This seems like a very important paper, basically showing that Markov models with exponential decay of influence of tokens by distance are often a poor model, where as deep neural networks with LSTM (long short term memory) has power law decay of influence decay, which performs better for a variety of sequential data.
BTW, I went to the North American Association of Computational Linguistics conference in April and it seemed like half the papers used LSTM.

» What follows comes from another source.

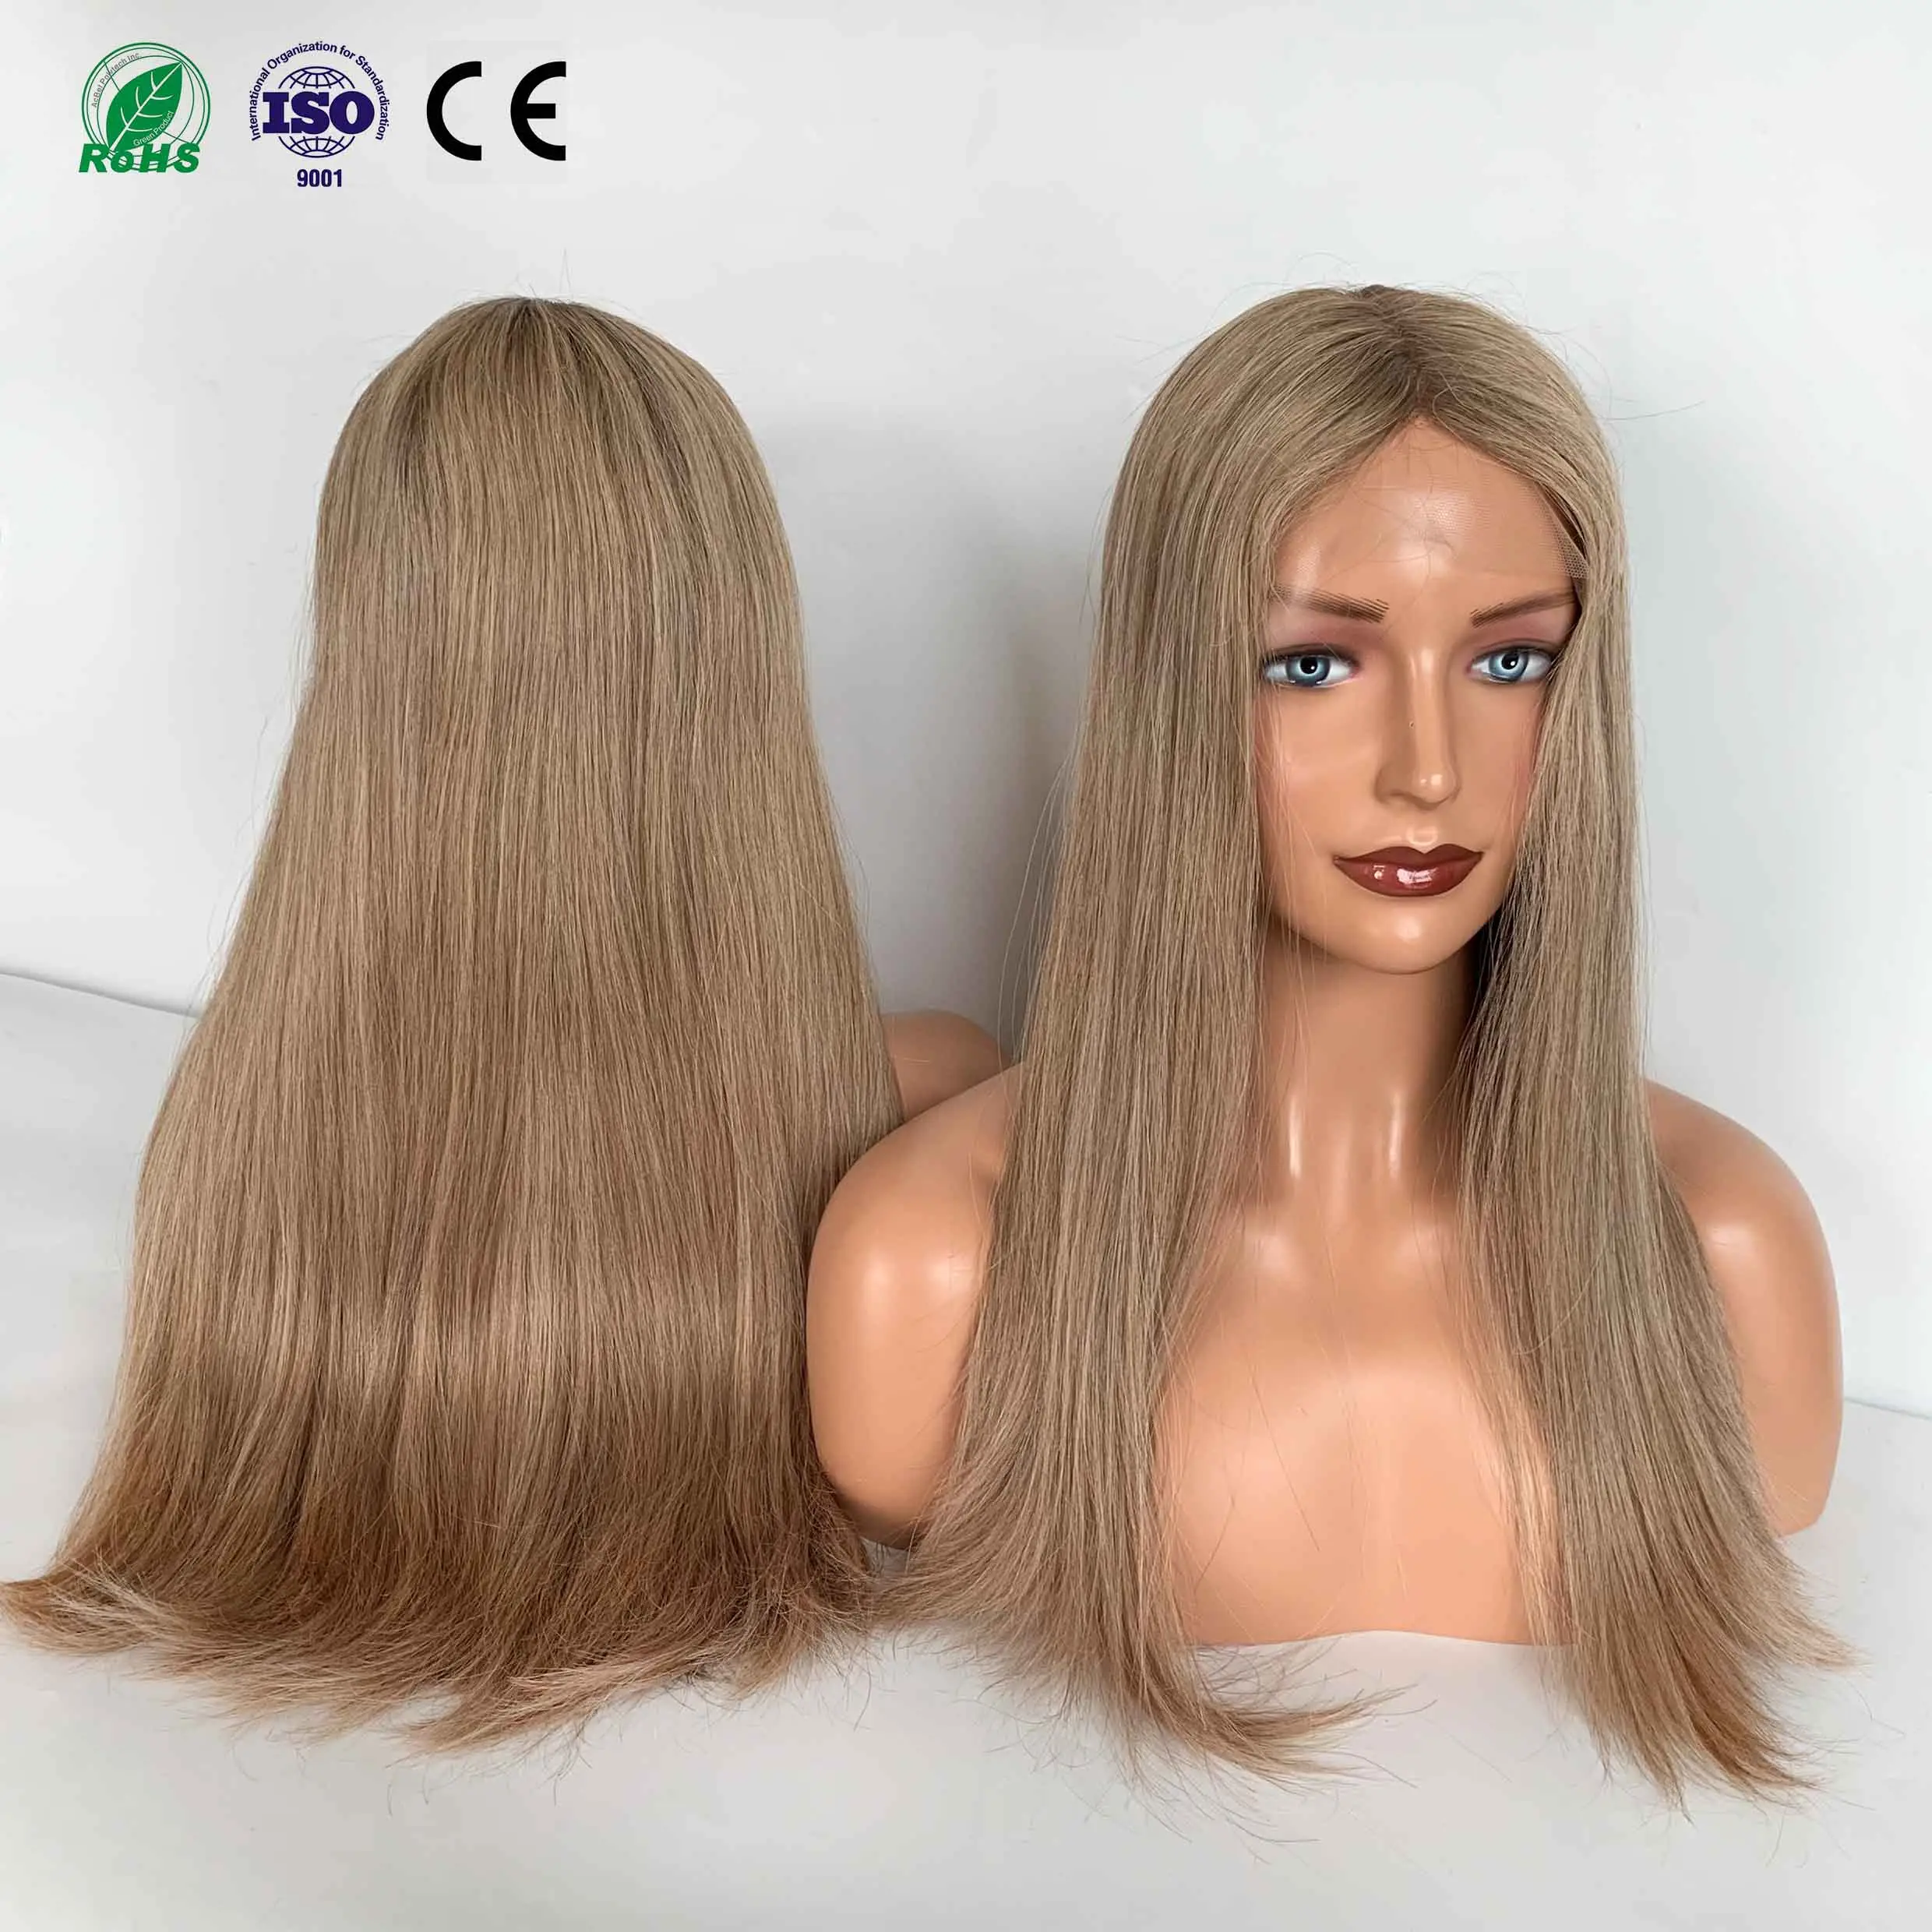 Fasimei Raw Cuticle Aligned Human Hair Productsブロンドカラーヨーロッパの人間の髪の毛のかつら通気性のあるユダヤ人のかつらブロンド

Forgive me, but I'm less impressed by the paper. As far as I can tell, they've only really shown that (1) language is recursive, which we know already; (2) markov models cannot capture recursive languages, which we've known; and (3) RNNs can, which we've known. But so can PCFGs and many other formalisms from the past 25 years, which they ignore.
> We can formalize the above considerations by giving rules for a toy language L over an alphabet A. In the parlance of theoretical linguistics, our language is generated by a stochastic or probabilistic context-free grammar (PCFG) [41–44]. We will discuss the relationship between our model and a generic PCFG in Section C.
The paper itself is a mess. It's very interesting but they aren't doing themselves any favors. They need to clean up the presentation and get rid of the distracting phrases like "fail epically".
> This seems like a very important paper, basically showing that Markov models with exponential decay of influence of tokens by distance are often a poor model, where as deep neural networks with LSTM (long short term memory) has power law decay of influence decay, which performs better for a variety of sequential data.
As someone outside of this field, it seems to me that this kind of result should have been very obviously foreseeable, hindsight bias and all that of course - but I would never have considered Markov processes to be an adequate predictability model for natural language. Though obviously the formalized results are important.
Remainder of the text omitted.